Who knew you could bargain with a ghost?
I’d give anything, we say, but give up
nothing of any worth. So I gave up
all together, and got nothing in return.
But I made it mine. When I walk in the garden
among tall pines and low flowers,
there is an absence, but I pay it no mind.
That’s part of the agreement. Gulls cry out
over the bay, a bird – hidden – chitters to itself,
the early morning mist, pink in the distance, hovers
above the sea’s immaculate horizon,
while traffic and trains race by
in the morning rush to get ahead.
Such things matter little in this afterlife.

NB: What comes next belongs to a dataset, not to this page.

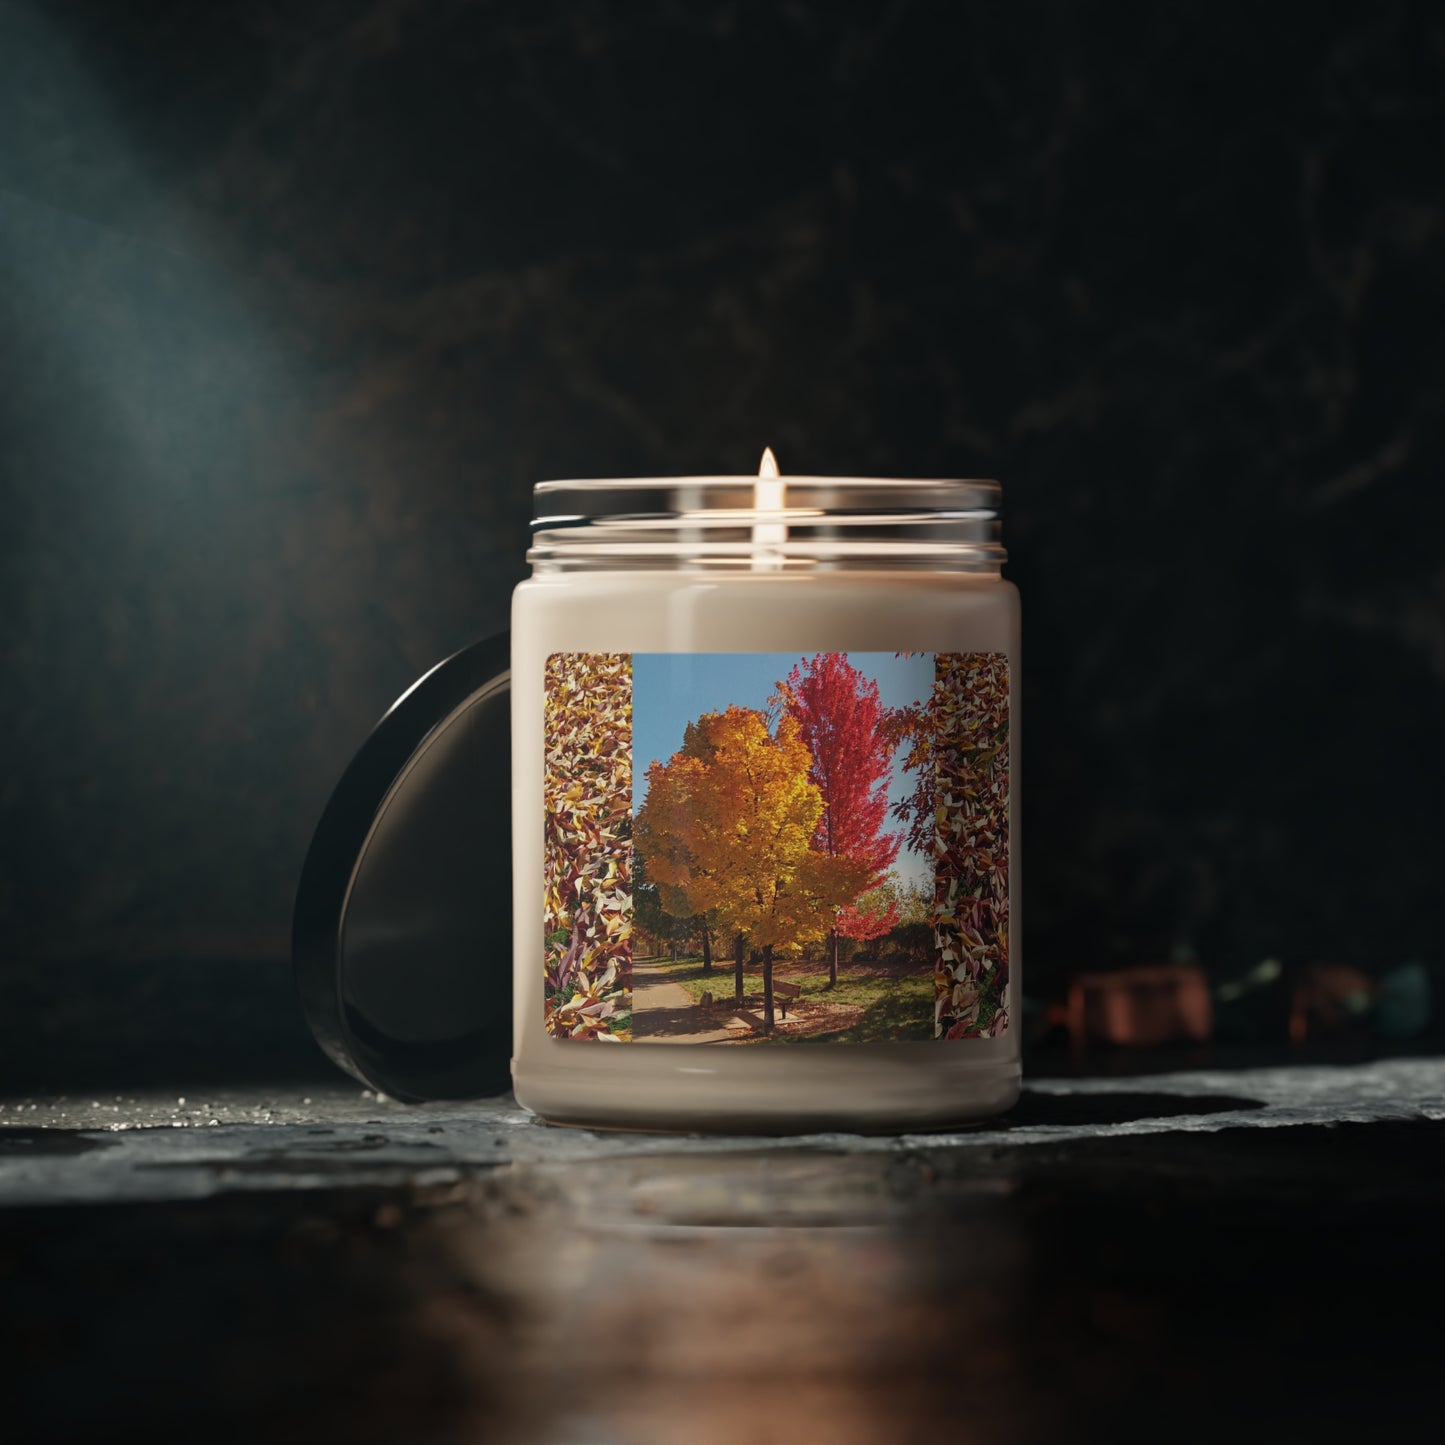 Autumn Bench Scented Soy Candle, 9oz

To say I gave up on living wouldn’t be true:
it’s the other way around. At times,
it feels like freedom, but then it’s just a fact
of existing like anything else that dies
or wears down or simply changes
into something else, somewhere else.
My promise was to live if I lived
and not be any of those other people,
the ones I once believed in.
Who cares if I have no skill to render
myself as I am? No one would recognise me
anyway, in my invisibility.
So I have painted this square of wood –
inexpertly, crudely – to tell my story
and acknowledge my good fortune.
Look, in this corner, the vision
of the black Christ – a stand-in for the void
that struck my heart like a viper –
and here, in lurid red, my sickly frame
outstretched on a simple wooden bed.
The room is otherwise empty, the window blank.
It will do. It’s only a reminder, a token
of what really happened, which is simple enough:
I disappeared, then went on living – just as I promised.
VFGA: Votum Fecit Gratium Accepit,
‘Vow made, graces received.’ There, it’s done.